How Australia Prevented the Devastating1918-19 Spanish Influenza
The influenza pandemic of 1918-1919 has been quoted as one of the most ravaging outbreaks recorded in the history of the world. The epidemic had killed 20 to 40 million people, more than in World War I and more than the number of deaths recorded in the four-years of the Black Death Bubonic Plague from 1347 to 1351.
Origin of the disease
The disease was named ‘Spanish Influenza’ but it did not originate in Spain. Its origin was in the United States of America. But it slowly moved to the general population throughout the world.
How the disease affected
The disease spread with surprising speed affecting the body’s natural defence. It caused hemorrhage filling the lungs resulting in the victim’s death in his own body fluids. Healthy individuals affected in the morning used to die in the evening. It always attacked young healthy adults rather than the old and the unwell – a reverse of the normal mortality pattern.
Spanish Influenza in Melbourne
The disease broke out in Melbourne in December 1918 but people were asked not to panic by local authorities. The health authorities adopted strict measures to limit its impact on the population of Melbourne. Being aware of the horrifying effect on people in Europe, the preventive measures of the local authorities saved Melbourne from facing the devastation as in Europe or America.
Preventive measures adopted in Melbourne
Due to the preventive measures adopted in Melbourne, there was no major outbreak reported. But at the same time the disease has spread to Sydney. Dr William McClelland, the medical officer for Brighton, proposed to open an auxiliary hospital in the Wilson Recreation Hall in December, with separate wards for males and females. The hospital started functioning on February 22, 1919 and Nurse Powell became the matron assisted by a team of VAD nurses.
The epidemic in Victoria
In January 1919, Victoria was declared infected and schools and theatres were closed. People were asked to wear masks in shops, hotels, churches and public transport. Public meetings of twenty or more people and long distance travel by train were prohibited. An infected family was isolated and quarantine rules were applied. The New South Wales government closed their border with Victoria.

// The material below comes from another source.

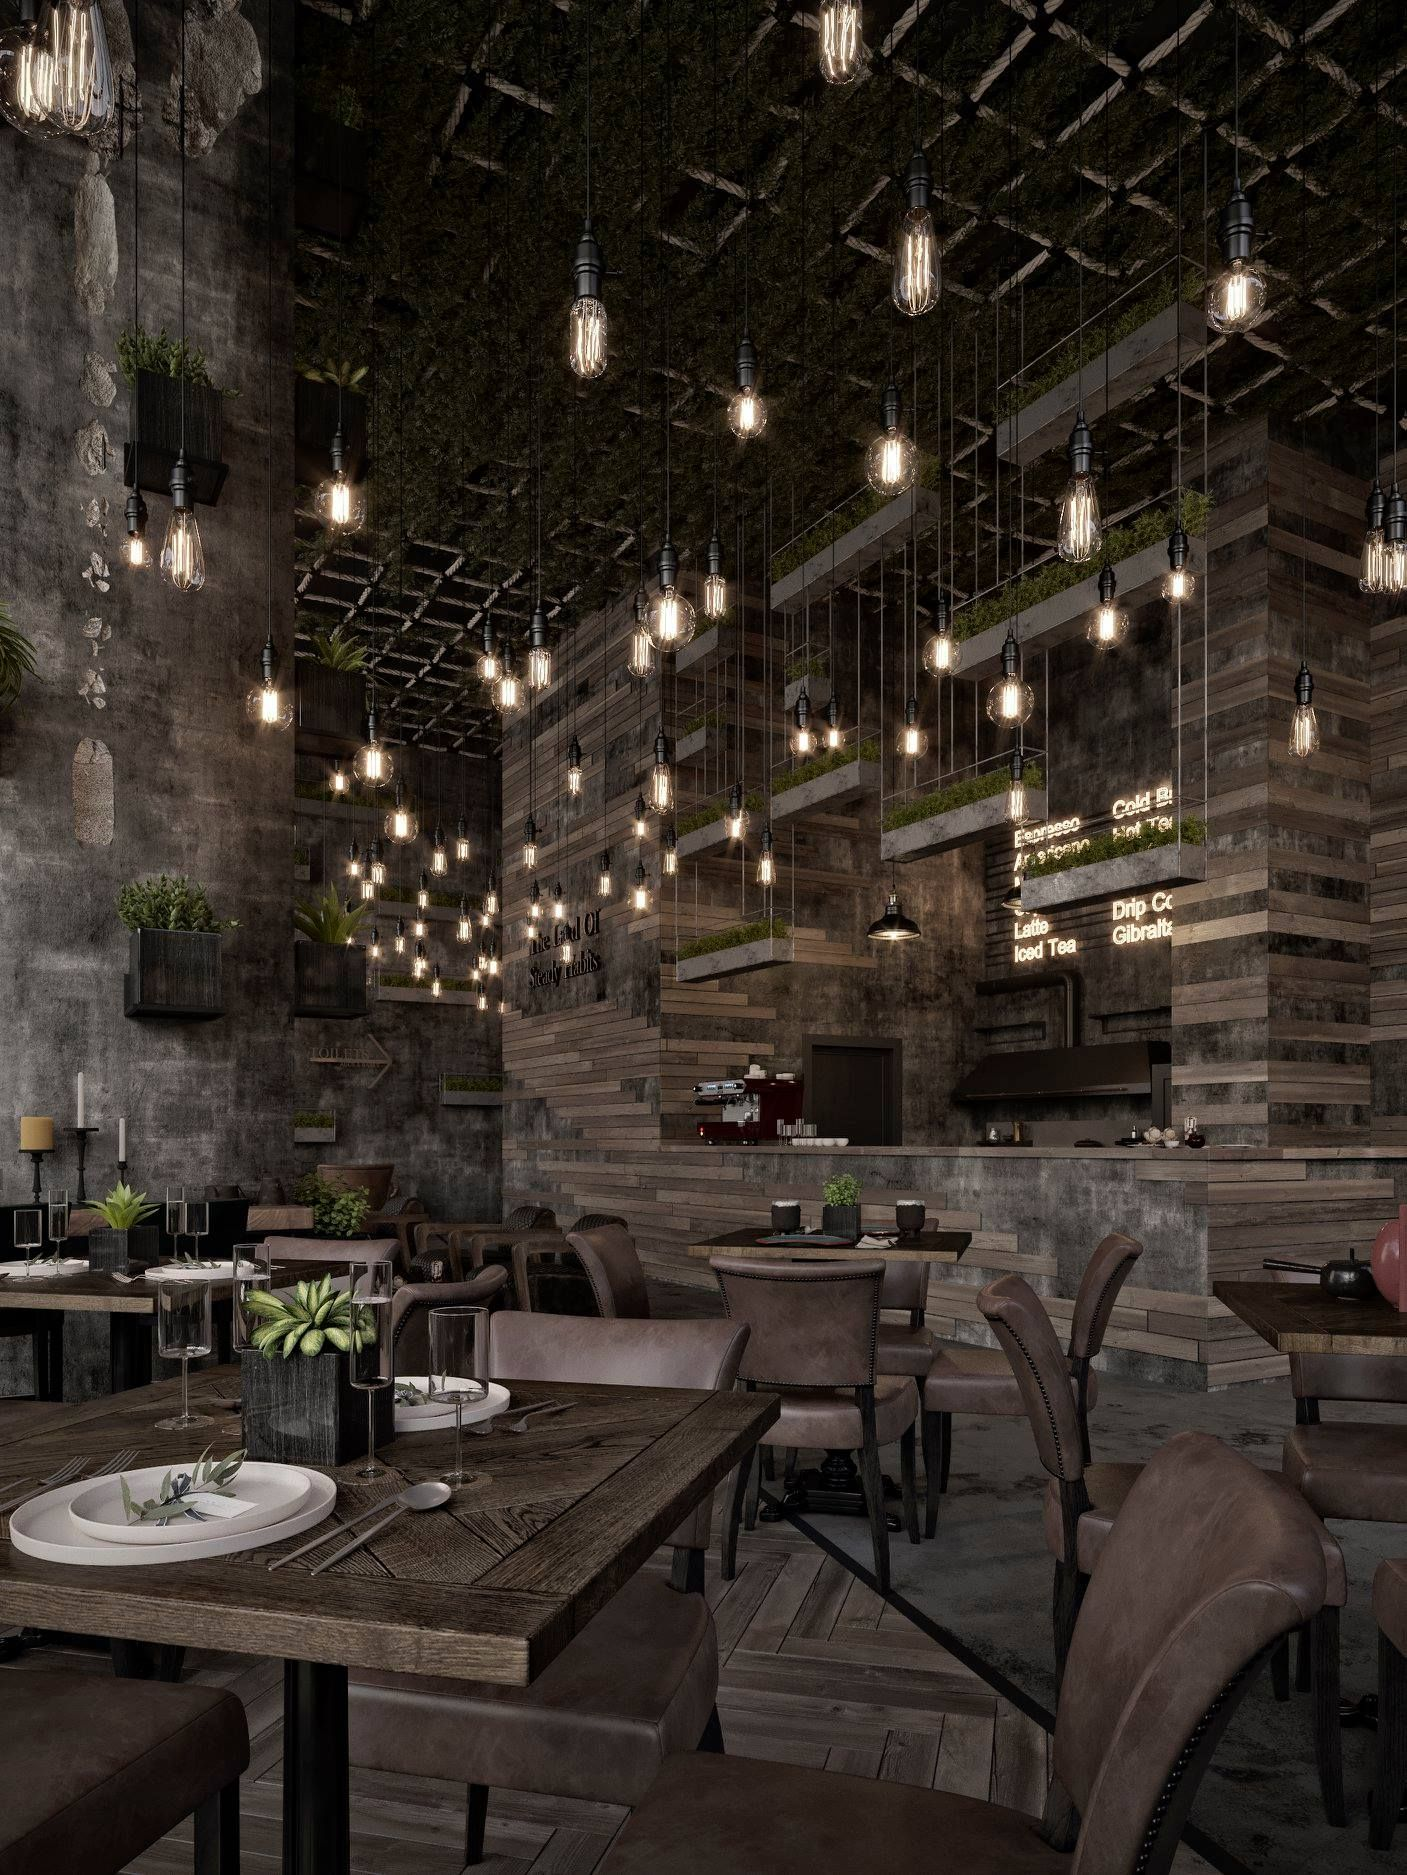 Qatar Calm Street Cafe In 2020 Restaurant Lighting Design Modern Restaurant Design Cafe Interior Design

Emergency hospital set up in Victoria
Health Officers visited Mrs. O’Brien’s boarding house known as Barwon House and declared it as an emergency hospital with forty beds available at nominal cost. The Council established the hospital with a matron, two trained nurses, three VADs. Dr. Joyce and Dr. Scantlebury were appointed medical attendant.
By the end of 1919, the disease that had killed more than 20 million people worldwide started disappearing. People began to live life without the fear of being killed by the disease. The precautionary measures like wearing of masks, gloves, goggles and full body gown during the 1918-1919 influenza epidemic prevented Australia from one of the worst tragedies of the world.